Bigquery Column addition and historical update-CodePudding

We have a bigquery table which holds around 50 GB of logistics data. Recently due to business requirement we had to introduce a new column which works pretty well for the new data but we want to fix the historical data as well for this column.

This personal column is pushed from python and is derived from logistics column which is pipe delimited.

Note :We have data till 2021-01-01 which needs to be updated.

What is the fastest way to achieve this using SQL ?

CodePudding user response：

I think you can use an update query to calculate the Logistics columns for historical data :

update `my_project.my_dataset.my_table`
set Logistics = CONCAT(column1, "|", column2, "|", ....)
where 1 = 1

If your table is partitioned (maybe the column Date), you can add dates ranges in where clause if needed to not process all the table.

For example if historical data is until a date, you are not obliged to execute the update query for all the data in table, and in this case the cost will be cheaper.

CodePudding user response：

As per my understanding, Personal is actually derived from Y or N substring in logistics. If thats so, then you can fetch this substring using regex and later you could populate Personal based on this.
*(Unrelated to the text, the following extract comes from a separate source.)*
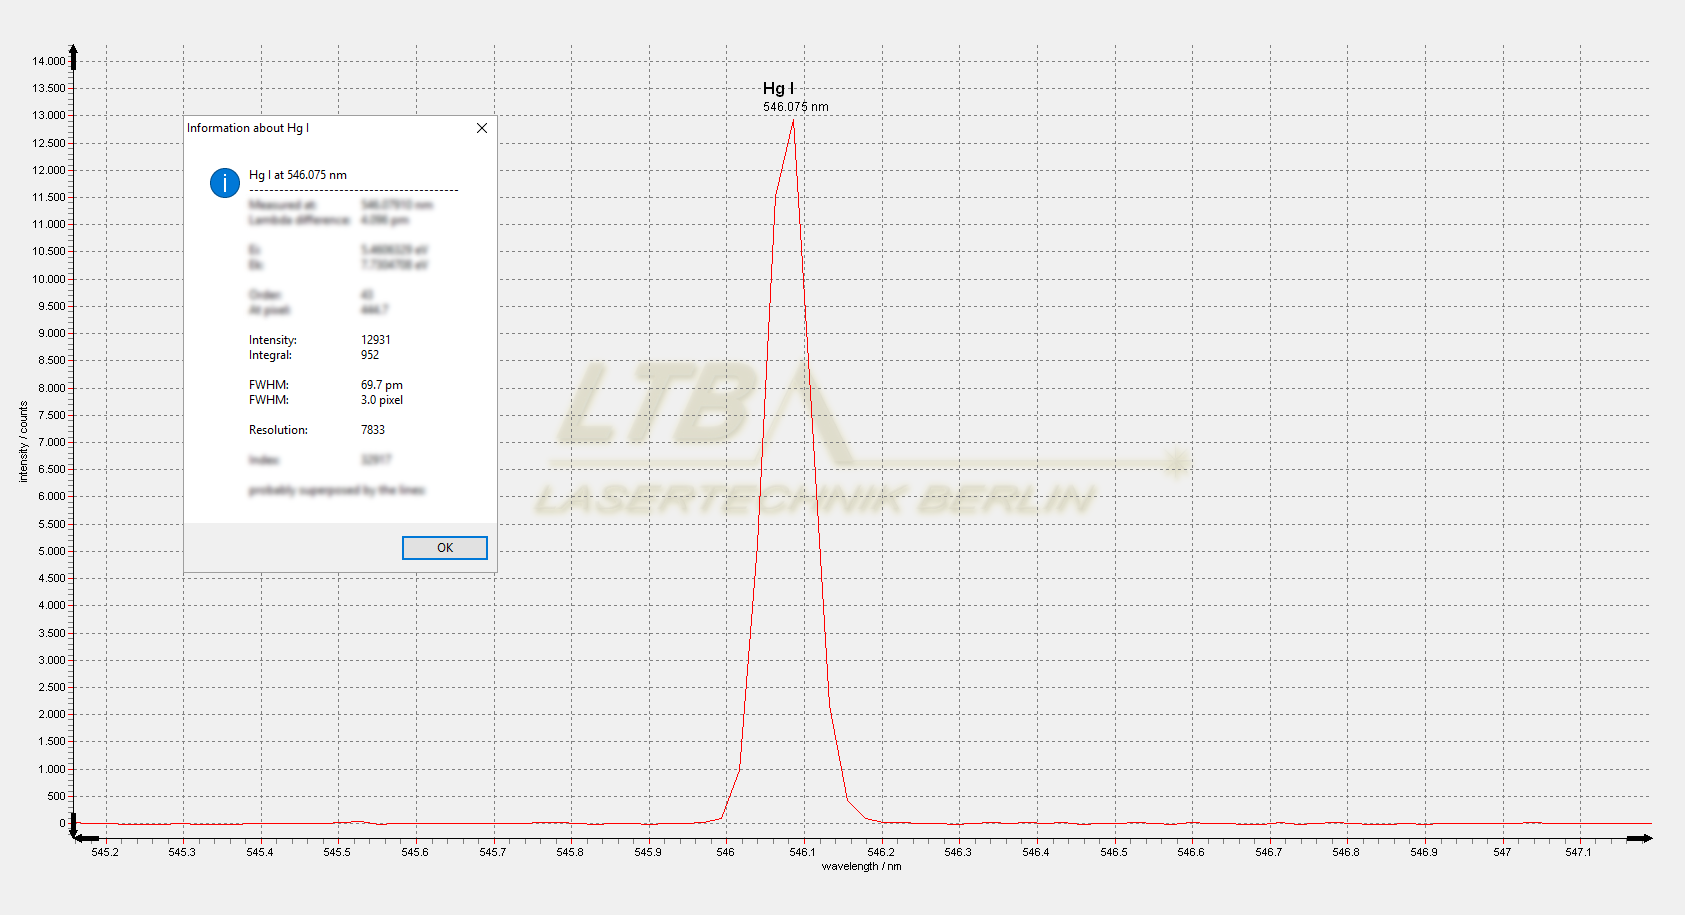 ARYELLE 150 spectrum Hg
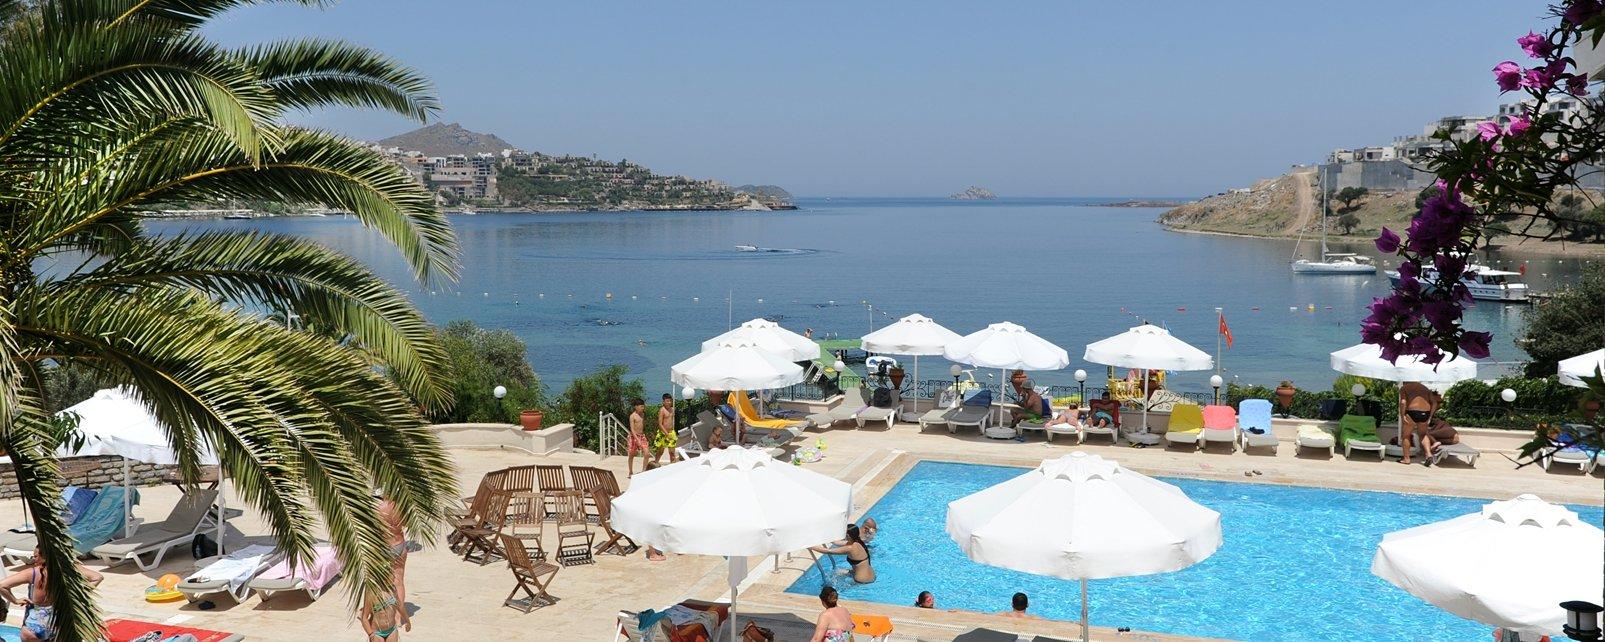 Club Marmara Mirage

As your table is in BigQuery so you can execute following command to do the same.[Kindly change regex as per your requirement]

e.g.  UPDATE `project.dataset.table_name`
      SET Personal = CASE 
                      WHEN REGEXP_EXTRACT(Logistics, r'\|[YN]\|') = '|Y|'
                      THEN 'Yes'
                      ELSE 'No'
                     END
      WHERE DATE <= DATE('2021-01-01')